Crime and Punishment (1935)

Crime and PunishmentCrime and Punishment Poster
Directed by Josef von Sternberg
1935/USA
B.P. Schulberg Productions for Columbia Pictures Corporation

First viewing

 

“Do you understand, sir, do you understand what it means when you have absolutely nowhere to turn?” Marmeladov’s question came suddenly into his mind “for every man must have somewhere to turn…” ― Fyodor Dostoyevsky, Crime and Punishment

I loved this film, a loose adaptation of the Dostoyevsky novel.  Raskolnikov (Peter Lorre) graduates with highest honors from university and makes his mother and sister proud.  He goes on to write scholarly articles on criminology.  He has a sort of Nietzschean theory that ordinary standards cannot be applied to extraordinary men.  His articles don’t pay much, however, and he is living in desperate poverty.  He goes to a grasping, insulting old pawnbroker to pawn his father’s watch to pay the rent and while there meets a sweet, devout prostitute named Sonya (Marian Marsh).

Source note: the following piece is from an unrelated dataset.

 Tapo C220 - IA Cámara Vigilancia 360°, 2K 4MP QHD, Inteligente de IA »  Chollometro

When he discovers that his sister has lost her position and feels forced to marry a horrible beaurocrat to support herself and their mother, he snaps and murders the pawnbroker for her money.  The rest of the story follows the psychological aftermath of the crime on Raskolnikov,  the relentless investigation of the murder by Inspector Porfiry, and the redemptive love of Sonya.

Crime and Punishment 1

According to the commentary track on Mad Love, Peter Lorre agreed to star in that film in exchange for a guarantee that he could make this one.  I am glad it worked out because he is simply fantastic in it.  It is great to see him exercise a full range of emotion in a complex leading role.  My favorite parts were immediately after the crime when the character decided that he no longer feared anything.  I laughed out loud several times at the way Lorre delivered the many zingers.  He is also pathetic, tender, and hysterical as the moment requires.  Marian Marsh is very good and Edward Arnold is almost satanic as the inspector.  The film looks quite beautiful despite its low budget thanks to cinematography by Lucien Ballard.

The complete film is currently available at a couple of different obvious online video sources.

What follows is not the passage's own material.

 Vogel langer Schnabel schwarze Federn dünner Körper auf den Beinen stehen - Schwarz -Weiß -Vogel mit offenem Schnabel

To view clips on TCM.com go here: http://www.tcm.com/mediaroom/video/361077/Crime-And-Punishment-Movie-Clip-Contemplating-Life.html

2 thoughts on “Crime and Punishment (1935)

  1. As you know, I think that Peter Lorre’s acting in his early films is excellent and this is no exception. There is something about that strange looking little man which can either be pathetic or menacing. He could play it either way, or he could be Joel Cairo in Maltese Falcon with a totally different persona.
    I don’t think that this film was popular with the public if I remember correctly…..maybe it was too cerebral or didn’t star some handsome hunk and one of the glamor girls. Have you ever noticed that you don’t hear much about this film?

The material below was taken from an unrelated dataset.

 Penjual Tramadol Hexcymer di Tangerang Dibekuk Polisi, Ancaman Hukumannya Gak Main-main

  2. I wonder if audiences of the day saw Dostoevsky as too high-brow. It seems like something that might have gone over in Europe. Of course, with the political situation, it wasn’t going to play in Germany or the USSR. On the other hand, I read that von Sternberg hated it himself because of the liberties that were taken with the plot, so maybe Dostoevsky lovers wouldn’t have liked it either. I’ve read the novel years ago, though, and I really liked it a lot.